:: INFORMATION SHOWN ::

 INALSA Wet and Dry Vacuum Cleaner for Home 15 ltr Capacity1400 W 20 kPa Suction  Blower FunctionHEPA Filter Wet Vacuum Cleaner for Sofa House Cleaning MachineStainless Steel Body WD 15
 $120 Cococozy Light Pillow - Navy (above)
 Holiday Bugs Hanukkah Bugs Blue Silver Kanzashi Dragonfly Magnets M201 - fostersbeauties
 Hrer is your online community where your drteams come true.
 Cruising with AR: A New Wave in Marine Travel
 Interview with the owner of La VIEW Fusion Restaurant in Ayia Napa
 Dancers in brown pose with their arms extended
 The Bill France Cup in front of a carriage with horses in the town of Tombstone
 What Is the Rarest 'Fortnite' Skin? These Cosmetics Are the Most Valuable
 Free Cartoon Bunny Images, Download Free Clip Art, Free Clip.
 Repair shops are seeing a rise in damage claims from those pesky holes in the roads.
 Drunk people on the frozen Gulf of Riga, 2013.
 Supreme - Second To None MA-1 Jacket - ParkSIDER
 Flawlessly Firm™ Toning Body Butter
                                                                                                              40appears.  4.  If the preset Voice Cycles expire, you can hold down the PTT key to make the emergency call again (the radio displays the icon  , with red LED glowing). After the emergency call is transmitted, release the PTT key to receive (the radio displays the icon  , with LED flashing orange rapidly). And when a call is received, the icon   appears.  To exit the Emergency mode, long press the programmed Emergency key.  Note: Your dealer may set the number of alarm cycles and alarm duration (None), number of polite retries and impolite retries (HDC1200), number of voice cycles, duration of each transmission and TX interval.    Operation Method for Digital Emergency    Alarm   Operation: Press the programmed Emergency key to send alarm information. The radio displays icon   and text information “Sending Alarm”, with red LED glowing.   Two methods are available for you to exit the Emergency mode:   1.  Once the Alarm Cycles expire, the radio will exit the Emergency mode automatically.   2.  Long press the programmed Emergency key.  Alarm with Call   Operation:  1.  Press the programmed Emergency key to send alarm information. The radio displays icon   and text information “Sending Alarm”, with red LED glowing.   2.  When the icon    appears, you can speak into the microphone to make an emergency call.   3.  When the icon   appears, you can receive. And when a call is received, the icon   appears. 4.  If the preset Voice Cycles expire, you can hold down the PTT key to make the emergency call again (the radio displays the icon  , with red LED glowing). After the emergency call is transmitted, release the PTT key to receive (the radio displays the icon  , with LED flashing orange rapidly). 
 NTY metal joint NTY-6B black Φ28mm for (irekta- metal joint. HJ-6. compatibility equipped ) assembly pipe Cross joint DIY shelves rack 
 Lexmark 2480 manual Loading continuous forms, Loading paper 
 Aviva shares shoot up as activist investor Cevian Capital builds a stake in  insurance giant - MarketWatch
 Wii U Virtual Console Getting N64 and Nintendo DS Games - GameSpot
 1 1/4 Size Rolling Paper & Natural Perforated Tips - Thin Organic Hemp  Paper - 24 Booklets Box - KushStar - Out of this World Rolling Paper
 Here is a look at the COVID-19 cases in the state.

:::

* [THE PROBLEM]: Each line in the data that holds the word "Body" must be copied.

* [EXPECTED OUTPUT]:
 INALSA Wet and Dry Vacuum Cleaner for Home 15 ltr Capacity1400 W 20 kPa Suction  Blower FunctionHEPA Filter Wet Vacuum Cleaner for Sofa House Cleaning MachineStainless Steel Body WD 15
 Flawlessly Firm™ Toning Body Butter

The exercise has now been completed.